SOA @ Yahoo!

InfoQ: QCon: REST for SOA at Yahoo!

Instead of replicating data between a backend master database and the frontend database, the frontend boxes now issue requests through a cache to backend API servers, all via HTTP. Because of this, there is now a single source of truth. The cache replicates the data once it has been requested – a pull model vs. a push model. Questioned whether this is a RESTful API, Mark stressed that he views issues around REST as a philosophical discussion, but conceded that the backend APIs are, in fact, RESTful. (He has expressed this view before in a blog entry called “REST issues: Real and Imagined”) User generated content is pushed through to the backend, and adding capacity becomes easy.As one example of just using HTTP correctly instead of getting into a philosophical REST discussion gave caching intermediaries. The caching features built into HTTP are quite advanced, and they become immediately usable for well-designed HTTP applications. Examples of advantages are freshness (because the data is pulled from the backend whenever it needs to) and validation (asking “has this changed” is a quick HTTP-base question to the backend). It is also possible to provide “recalculated” results, which are validated against the etag of the calculation input. Having a standards-based cache also enables the collection of metrics and load balancing. (For a great introduction into HTTP caching, see Mark’s own Caching Tutorial for Web authors and Webmasters.)

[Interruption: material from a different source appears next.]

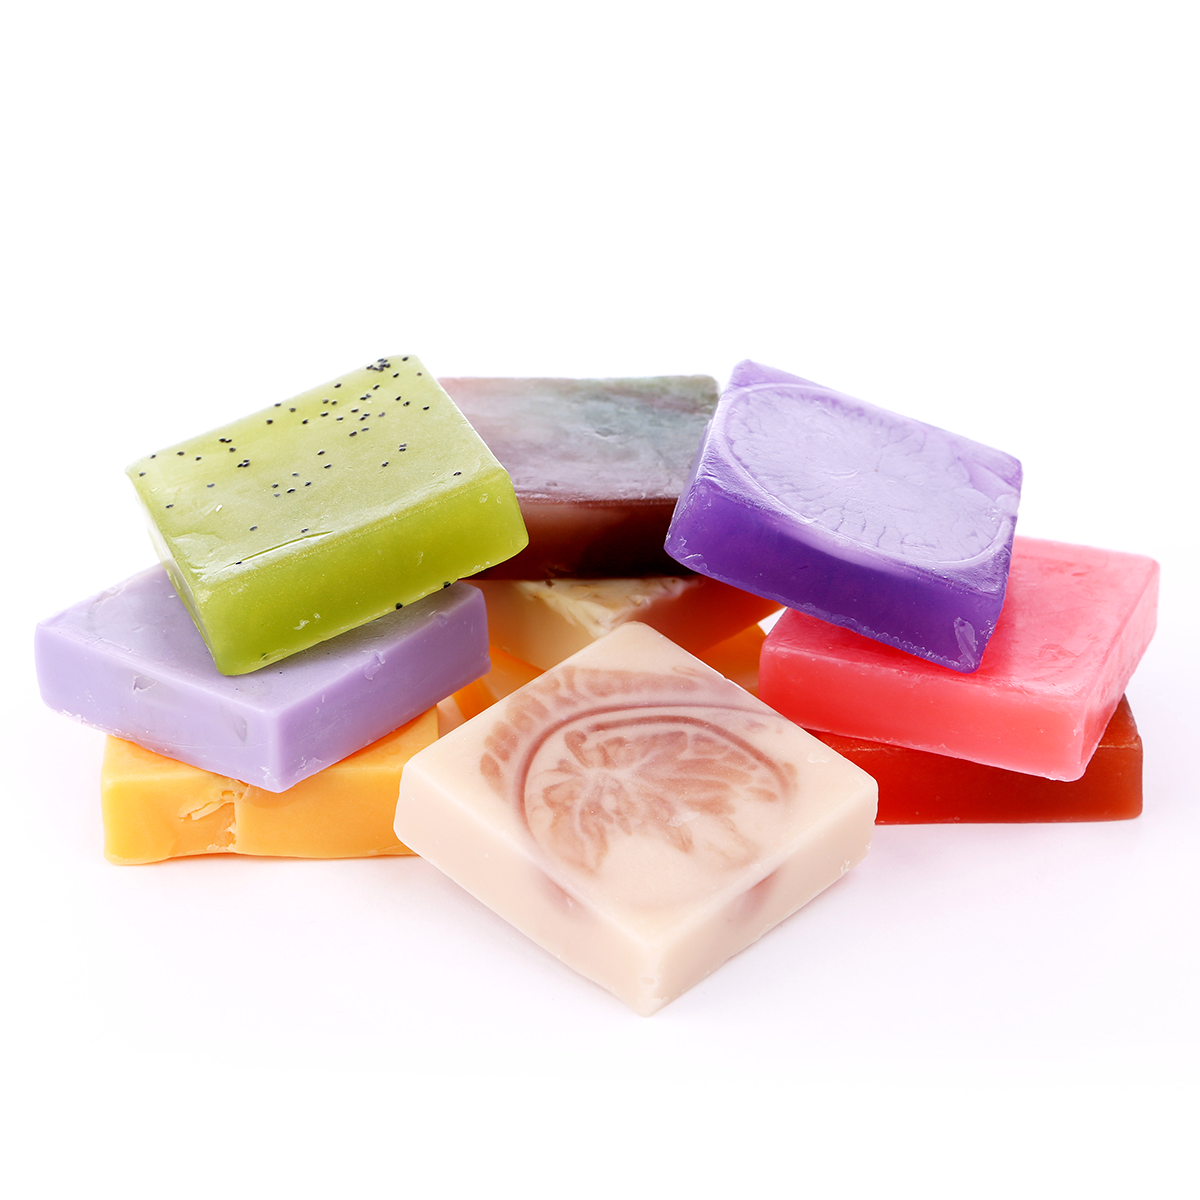 SaavyNaturals Products SoapStacked 3 ?v=1465922259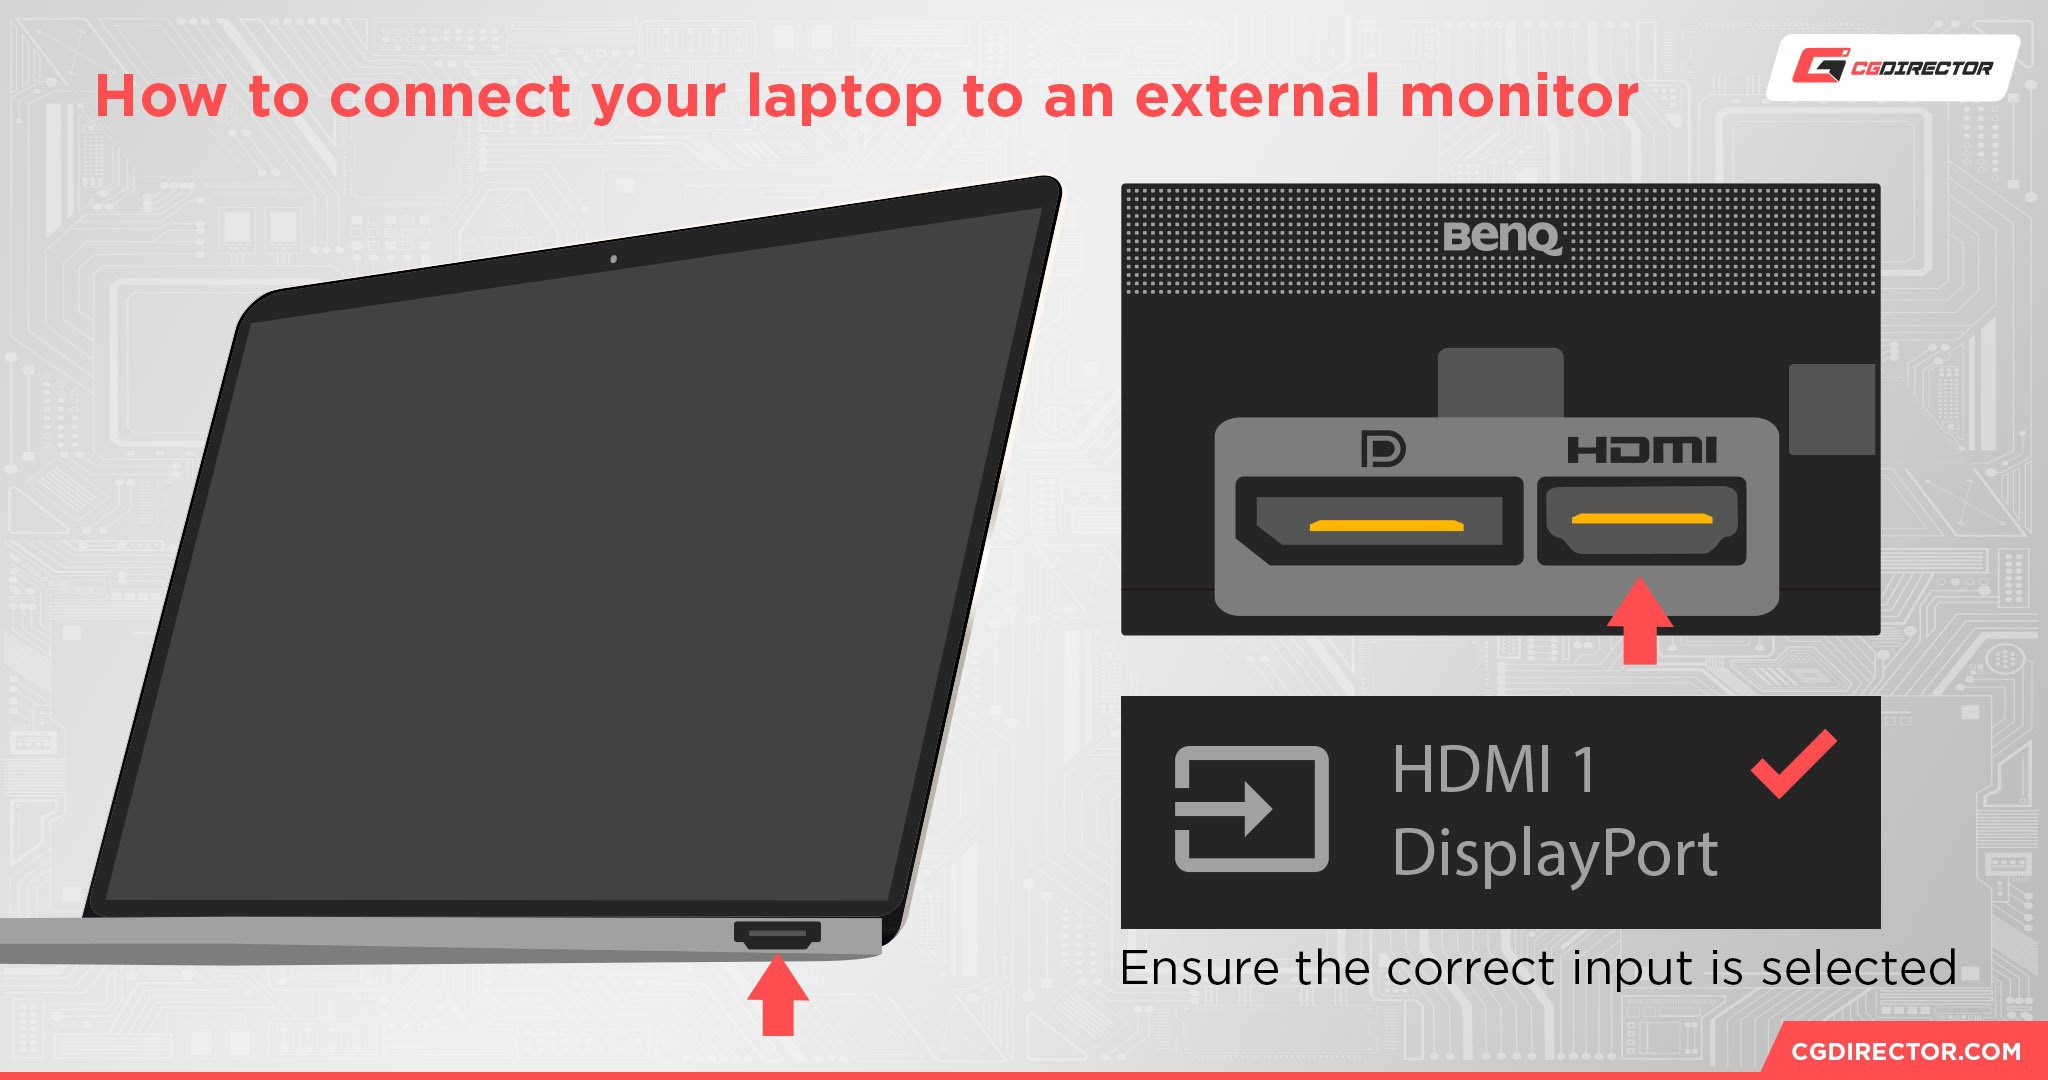 How to connect your laptop to an external monitor

Mark also commented on some more advanced techniques used at Yahoo! Media Group. Multi-GB memory caches are not at all uncommon, and sometimes they are put into groups that are kept in sync via cache peering, i.e. the synchronization of more than cache in a group. (There are numerous common cache peer protocols, such as ICP) Another advanced concept is negative caching: if there’s an error out of the API server, the cache will cache the error, reducing the load on the backend. Collapsed forwarding means that multiple requests from the frontend can be collapsed to a single one, which according to mark is another great way to mitigate traffic overload from the frontend. While the cache is refreshing something in the backend, it can return a stale copy, a concept called stale-while-revalidate. Similarly, stale-if-error means that if there’s a problem on the backend box, it can serve a stale copy, too. Another concept is an invalidation channel, which is an out-of-band mechanism to tell the cache something has become stale.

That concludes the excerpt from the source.